Мы-то наверху, а они под нами. Видим, генерал схватился рукой за живот. Ага, думаем, попали! К нему подбежали офицеры, уговаривают его укрыться, а он не слушает их, командует… Потом еще один меткий выстрел. Он как рухнул на землю, так больше и не поднялся…
— Сколько длился бой? — спросил прокурор.
— Часа два.
— Вам известно, кем был этот генерал?
— Та кто его знает, — прикинулся наивным Дыр. — Говорят, какая-то большая птица. Но вам-то что до этого?.. Он же поляк!
— Этот поляк вместе с русскими рабочими Зимний дворец штурмовал! — неожиданно для Загоруйко и полковника, повышая голос, взорвался прокурор. — Этот верный сын польского народа, варшавский металлист, когда надо было помогать испанской революции, уехал в Испанию и командовал там интернациональной дивизией. Его знали как генерала Вальтера. И между прочим, под его командой сражался там с фашистами украинский батальон имени Тараса Шевченко, почти весь составленный из революционеров-галичан. Их путь был путем всего украинского народа. И такого человека вы убили… «Повстанцы»… Бандиты вы с большой дороги, а не повстанцы. Служите тому, кто вам больше заплатит. Сколько горя и страданий принесли вы людям!

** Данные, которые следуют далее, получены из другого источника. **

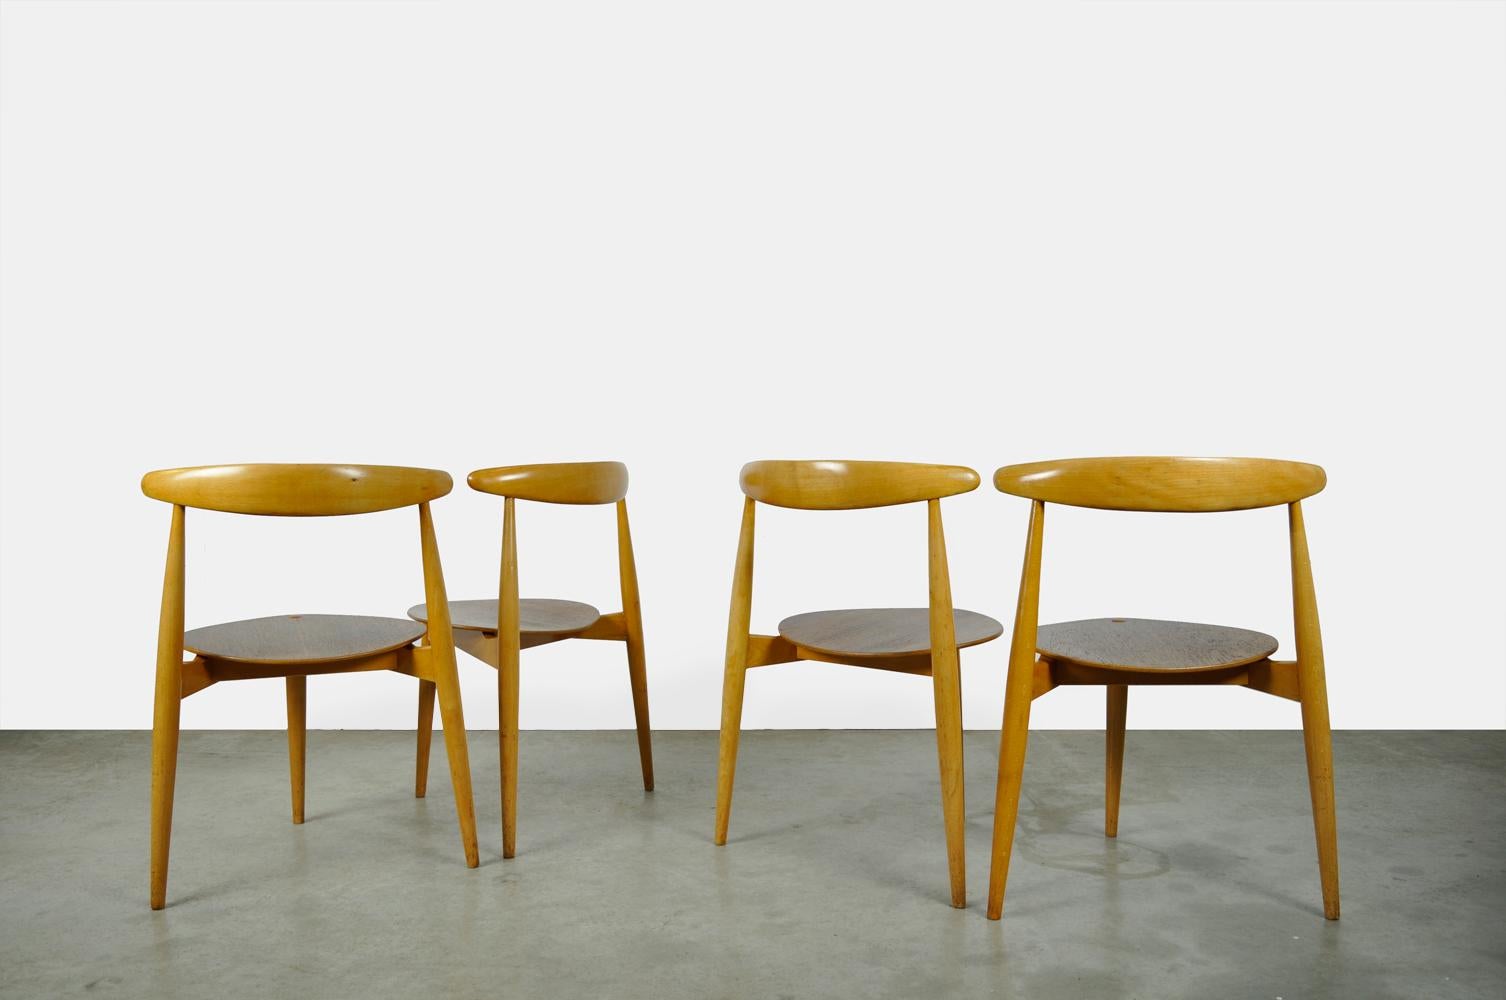 Magnifique ensemble de 4 chaises de table de salle à manger, conçu par Hans J. Wegner et produit par Fritz Hansen, Danemark années 1950. La construction triangulaire des chaises spéciales est une combinaison de bois de hêtre et de teck. Le cadre est

— Я не убивал того… Сверчевского, — проронил Дыр. — Я только патроны подавал.
— Ага, Сверчевского! — бросил прокурор. — Сперва «большая птица», а теперь и его фамилию вспомнили! — И, обращаясь к полковнику, сказал: — Эти его показания надо тщательно оформить и потом послать польским товарищам. После суда. Вы понимаете?
Полковник кивнул головой.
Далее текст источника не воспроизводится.